Don't get me wrong; there are Catholics who go a little Mary crazy. Personally I find it disrespectful to see a person praying the Rosary during Mass. Mass is supposed to be the time where we, as a community, come together to worship Christ and partake in his miracle. The Rosary is meant for individual devotion and prayer.

I want to make a very big distinction here. (I apologize if I wasn't clear throughout because I'm tired). Devotion and worship are two different things. I am devoted to my husband, but I don't think he's God incarnate. (Did a light bulb go off? Do you see the difference?) Catholics love/are devoted to Mary, but they do not worship her. Capisce? As I said, some Catholics love Mama Mary a little too much and forget to thank Jesus, but we know who our God is.

Next up: The Common Misconception about memorized prayer.

1 comment:

  1. Thanks for posting this article, Deltaflute; I enjoyed reading it. I'm a Catholic (faithful to the Magisterium) and I'd go so far as to say we worship Mary. Here's why:

    The same word can often have more than one meaning. This is the case with the English word "worship".

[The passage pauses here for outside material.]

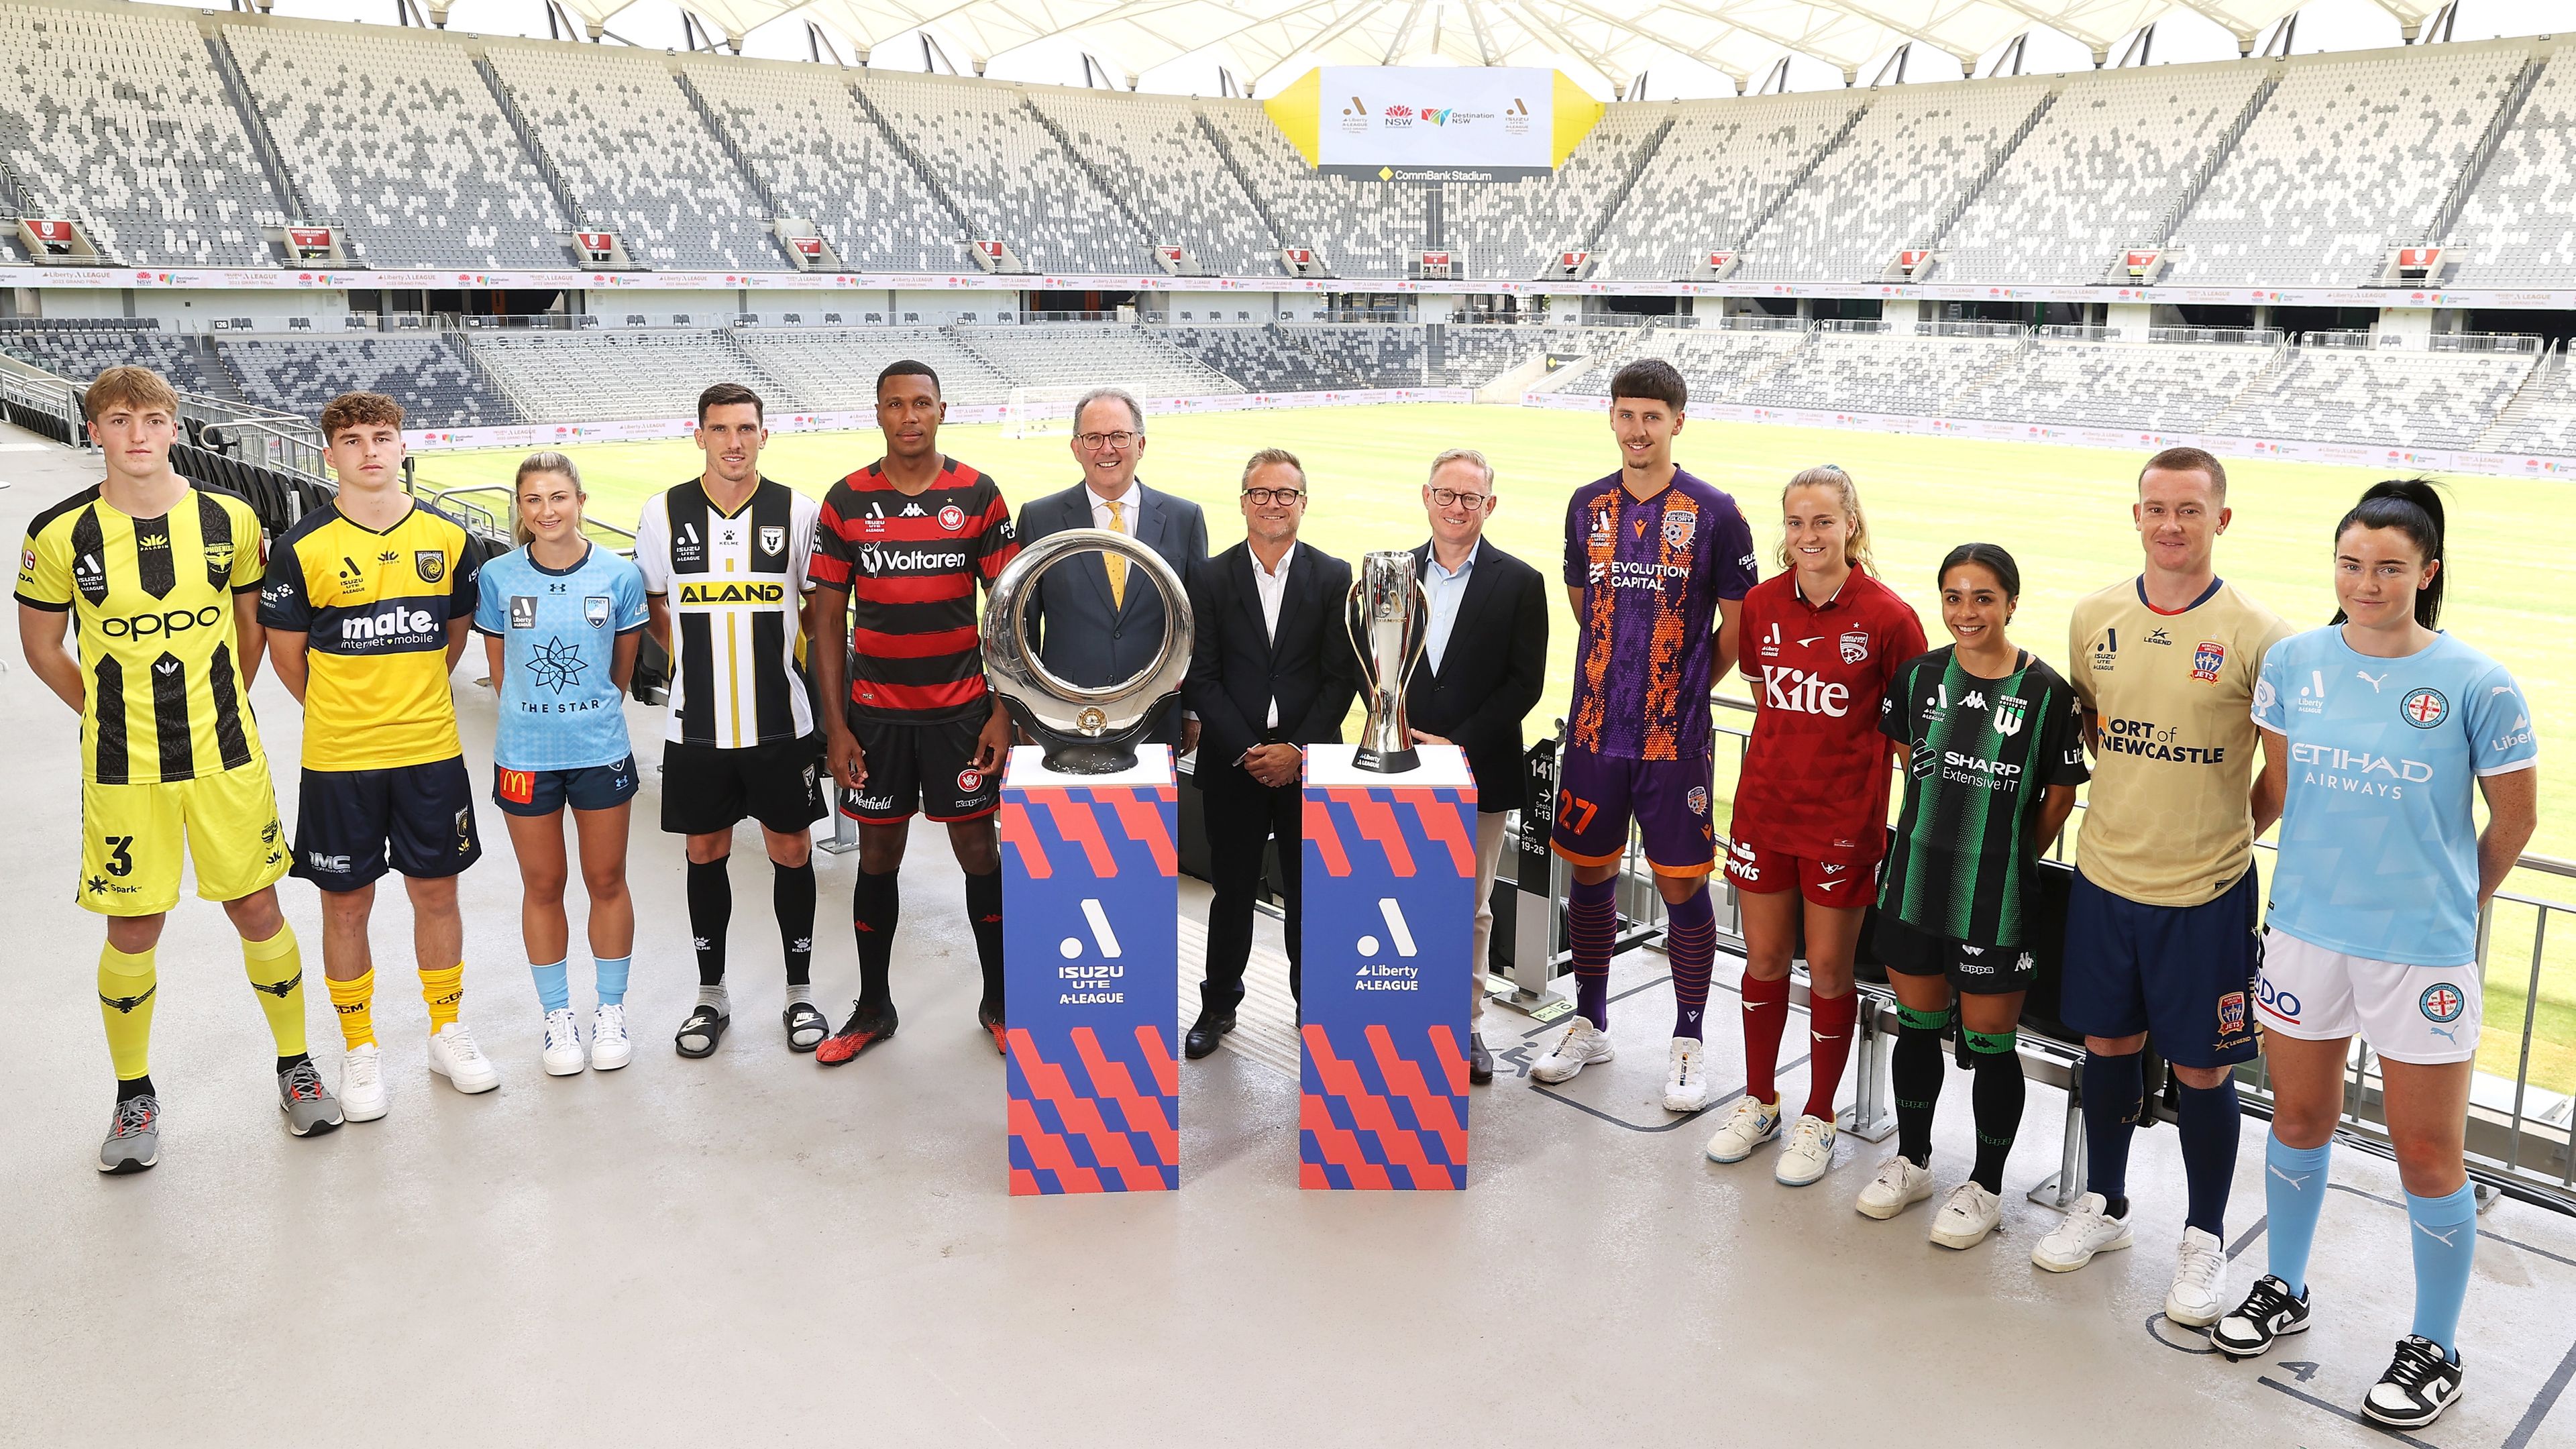 APL director quits as boss Danny Townsend defends 'bold' decision to move A-League grand finals as 'right for the game'

    One meaning, perhaps the principal meaning, is "to honor or revere as a supernatural being or power" (OED). This is not what we mean if we say we worship Mary.

    Another meaning, related to the first, but not the same as it, is "to regard with extreme respect or devotion" (OED). I don't see anything wrong with saying Catholics "regard Mary with extreme respect or devotion". In fact, this is precisely what you argue in your post.

    A third meaning, very close to the second is "to regard or treat with honor" (OED).

    There are other meanings in the OED, but these should suffice to make the point.

    Example: if you've ever been to an English (i.e., Anglican) wedding, you may have heard the following vow said by both the bride and the groom: "With my body, I thee worship." This is probably using the third meaning, "to treat with honor". No one would argue that the bride and groom are vowing to regard each other as gods; they're vowing to treat each other with honor in their carnal relationship.

    So there's nothing wrong with saying that we worship Mary, as long as we know the meanings of our words. Anyone who argues that because we say we worship Mary means that we regard her as a divine or supernatural being simply doesn't understand English sufficiently well.